Current situation on the natural gas market
The current conditions on the natural gas market in Poland result in significant price changes, influencing the purchasing strategies of customers. Analyzing the latest data, we observe dynamic price declines. On January 17, 2024, natural gas prices were as follows:
As recently as December last year, the prices of an annual product for delivery in 2025 exceeded PLN 200/MWh. However, within 40 days there was a significant drop of over PLN 35/MWh. Although the current price may seem attractive, we see a continuation of the downward trend and the risk premium that is hidden in the stock price continues to decline.
Additionally, it is worth paying attention to the price of natural gas in the European Dutch TTF index, which is a reference point for gas prices in Europe. Currently, it is approximately EUR 33/MWh, which is a relatively low value compared to the prices from previous quarters. On the last working day of December, the price was higher by over EUR 3/MWh. This is a good prognosis that, despite the initial energy crisis, Europe is coping well without Russian gas. The chart below shows the directions of natural gas imports to the European Union in 2023. Although the EU is gradually reducing its dependence on Russian hydrocarbons, 8.6% of gas imports still came from Russia last year. Countries such as Austria and Hungary still rely on supplies from Russia. The introduction of sanctions is to be another step in achieving the goal of the EU being free from Russian fuels by 2027.

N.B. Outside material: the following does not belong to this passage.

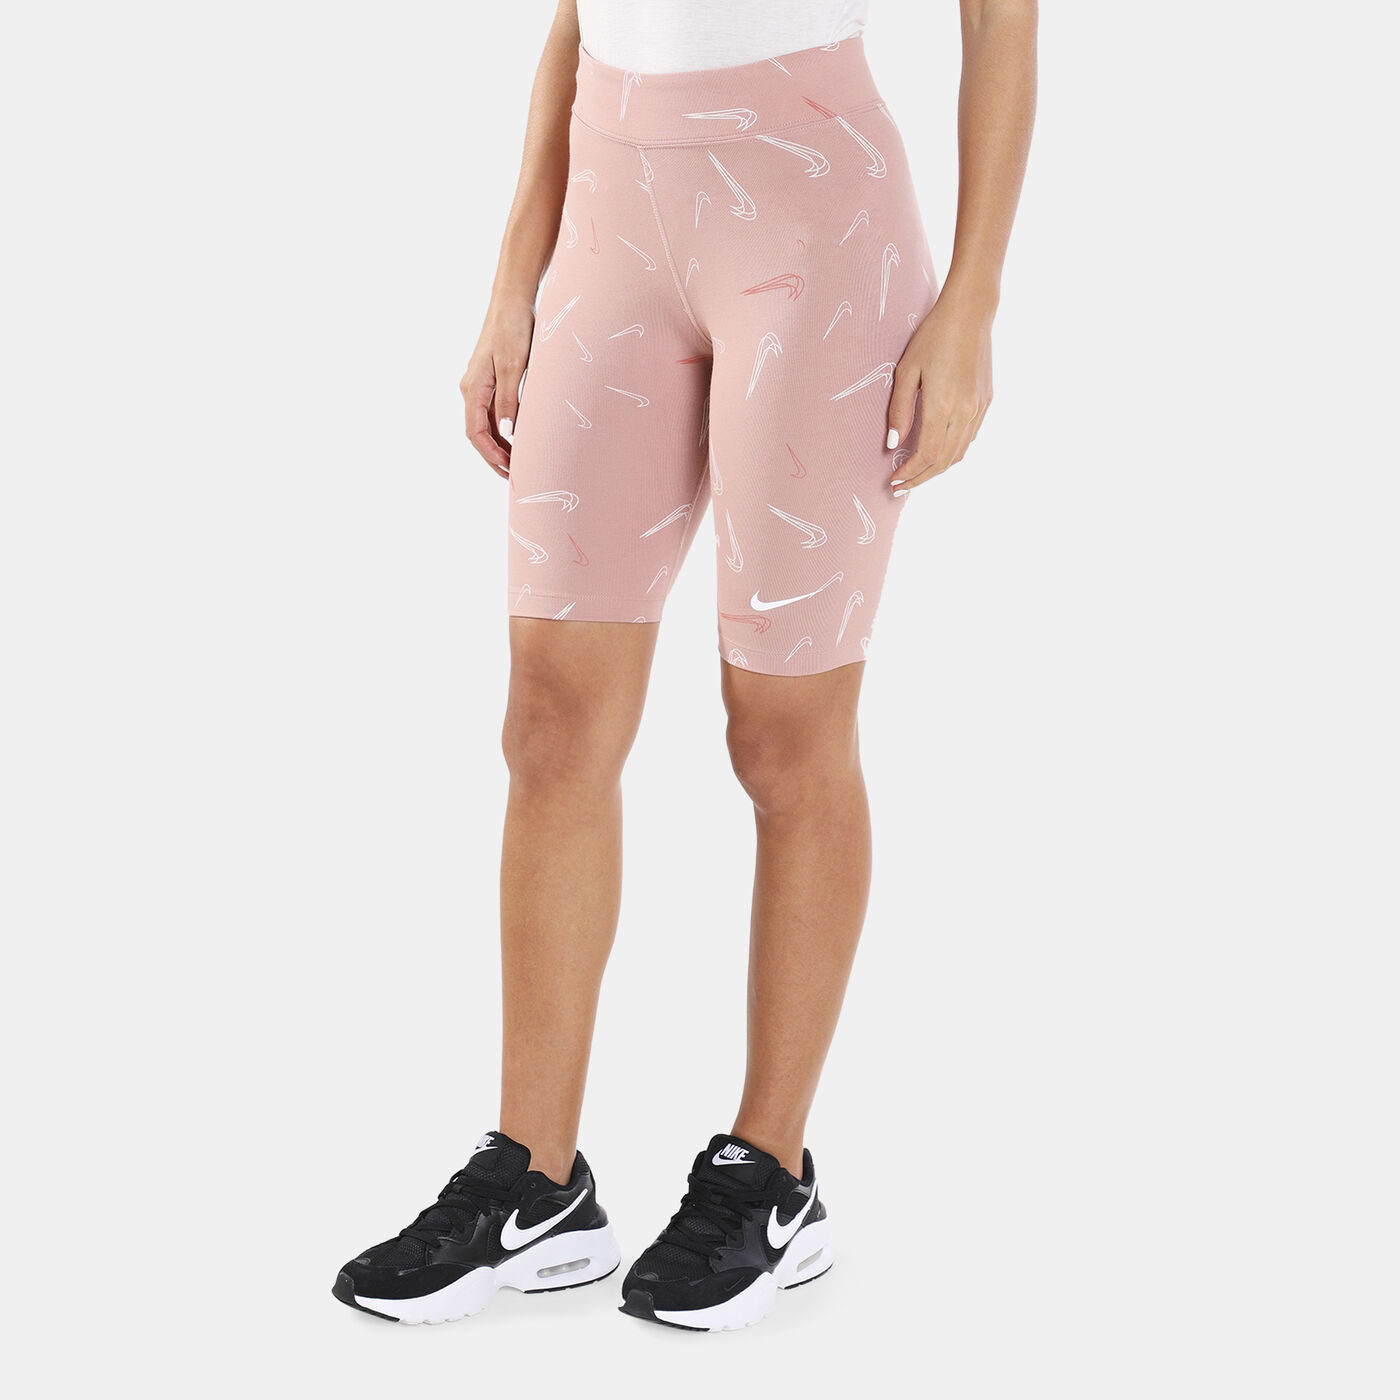 Women's Sportswear Allover Print Bike Shorts

A positive factor is the fact that despite the drop in temperature, the energy system has not collapsed and prices continue the trend. This is mainly due to the high level of filling of gas storage facilities. In Poland, they are 86% full, which is almost 10 percentage points better than the five-year average. The situation is similar across the EU, where warehouses are on average 79% full. At key moments, especially during the lowest temperatures in winter, warehouses played an important role in securing the power and heating systems. Supported by current deliveries, they allowed for effective demand management in difficult climatic conditions.
However, despite the good situation on the European market, the current crisis in the Red Sea is an important factor that may increase the price. QatarEnergy, as a result of attacks carried out by Houthi militants on ships transporting blue fuel, decided to suspend the transport of LNG through the Red Sea. The answer to this situation is to redirect ships around Africa near the Cape of Good Hope, which may generate additional costs (an additional cost of approximately USD 1 million is estimated for each round trip between Asia and Europe). Experts from Allianz Trade emphasize that sea transport prices have increased by 240% since November 2023, reaching levels observed in the fourth quarter of 2022. In recent days, rebels have announced plans for further attacks. Despite the US including the Yemeni movement on the list of terrorist organizations, the Houthis announce continuation of attacks on Israeli ships and those heading to ports in Palestine. This conflict introduces an element of uncertainty regarding the future supply and prices of natural gas, especially in the context of the Red Sea region.
In the short term, the current situation on the energy and gas market requires careful monitoring, and a responsible approach to risk analysis becomes crucial to making effective purchasing decisions. Further events on both the domestic and global markets will shape the landscape of this sector in the coming months, and only the purchasing strategies we adopt will determine the final price level that we will see on future invoices.